## [DATASET EXCERPT]
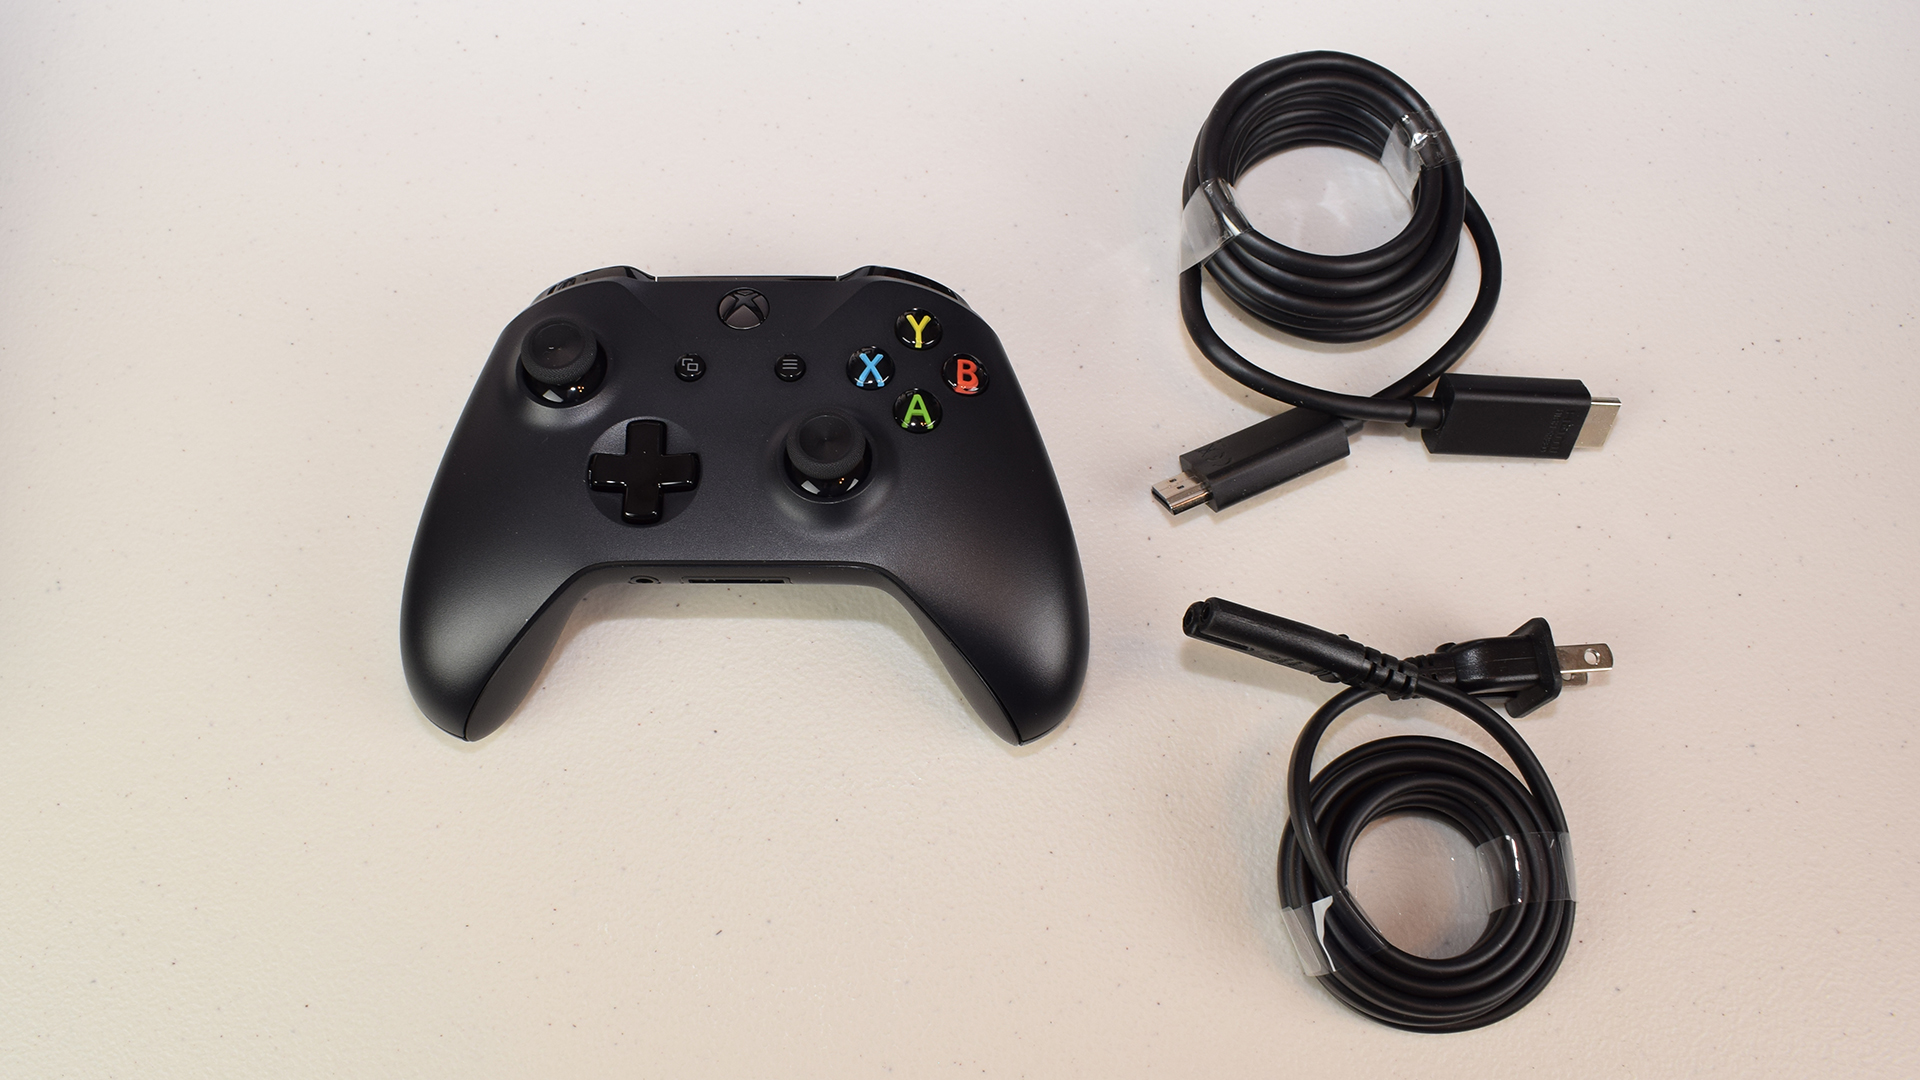 Xbox One X review included controller, power cable, and HDMI cable
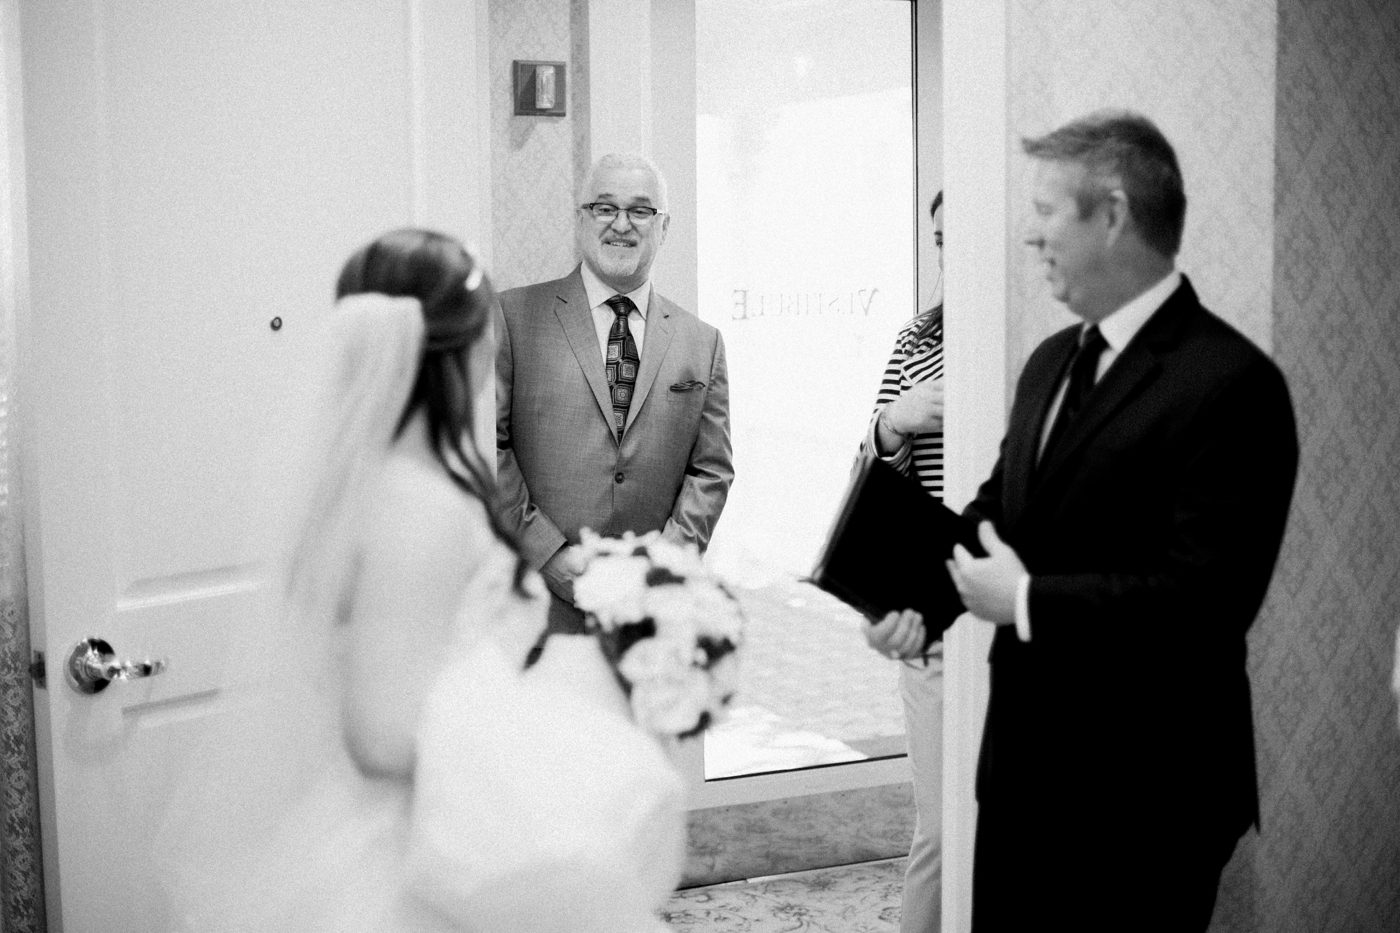 Father of the bride seeing her for the first time
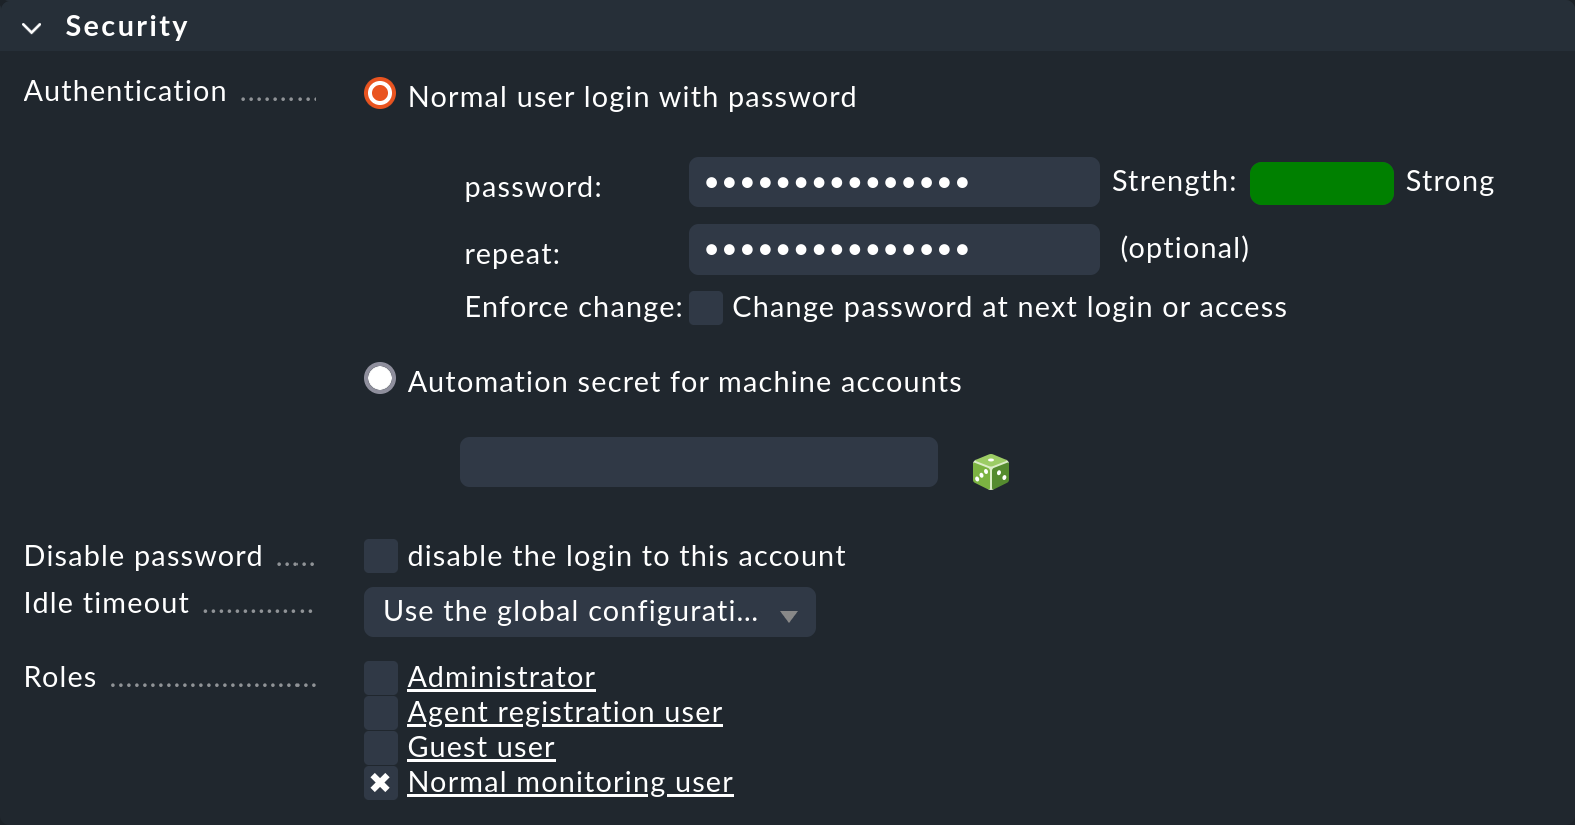 Dialog for defining the security settings for the new user.
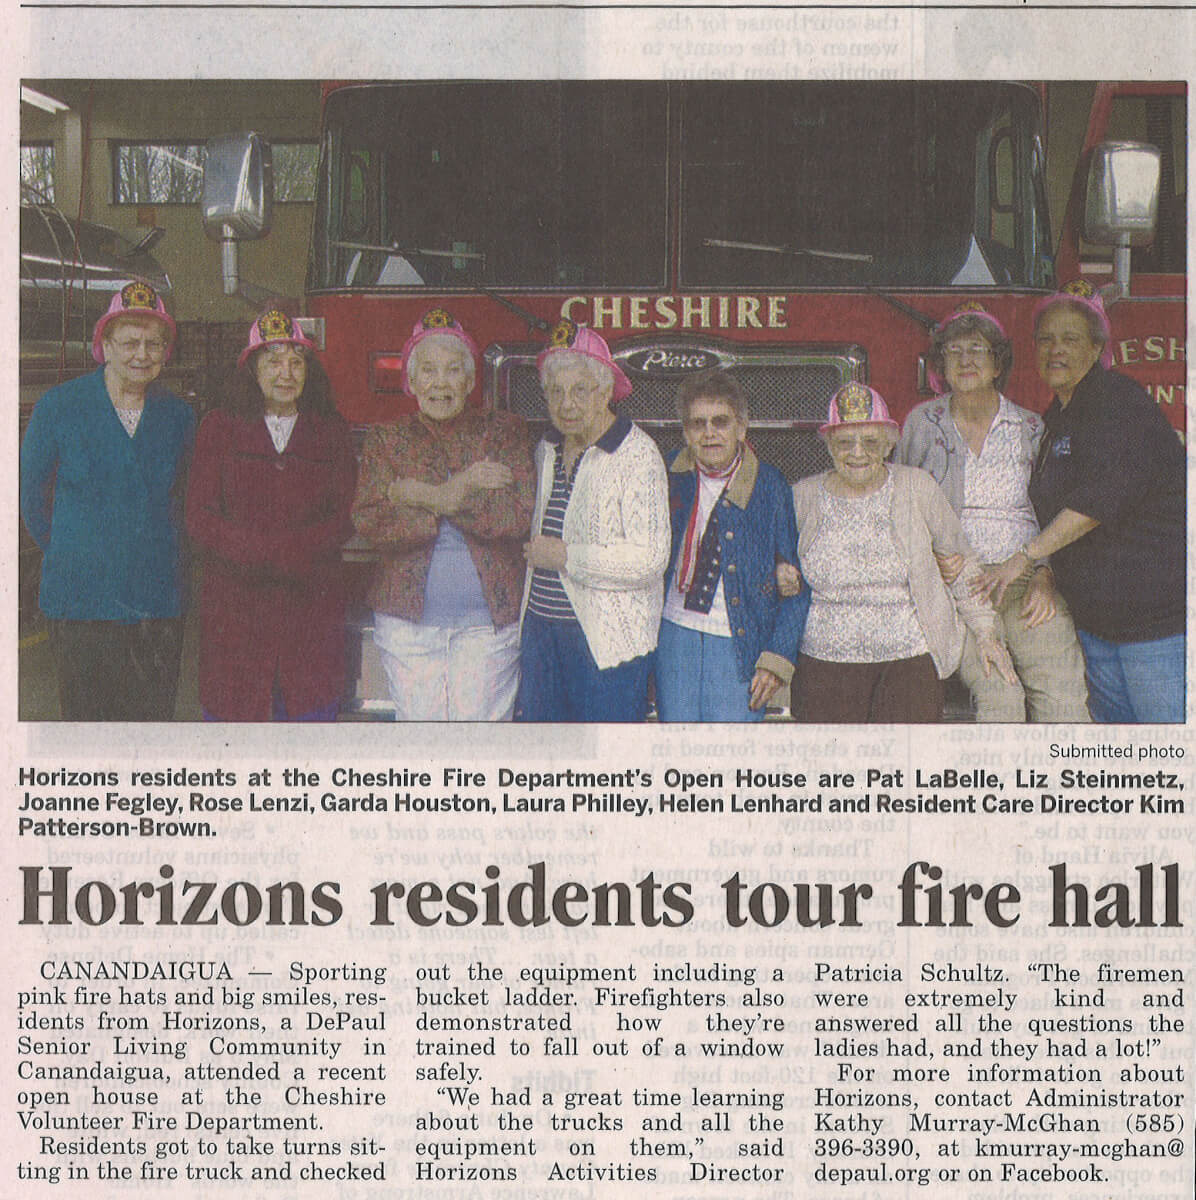 Horizons residents tour fire hall, article in the Daily Messenger  June 14, 2017

## [WHAT TO WORK ON]
Return all the material exactly, pictures excluded.

## [TASK ANSWER]
 Xbox One X review included controller, power cable, and HDMI cable
 Father of the bride seeing her for the first time
 Dialog for defining the security settings for the new user.
 Horizons residents tour fire hall, article in the Daily Messenger  June 14, 2017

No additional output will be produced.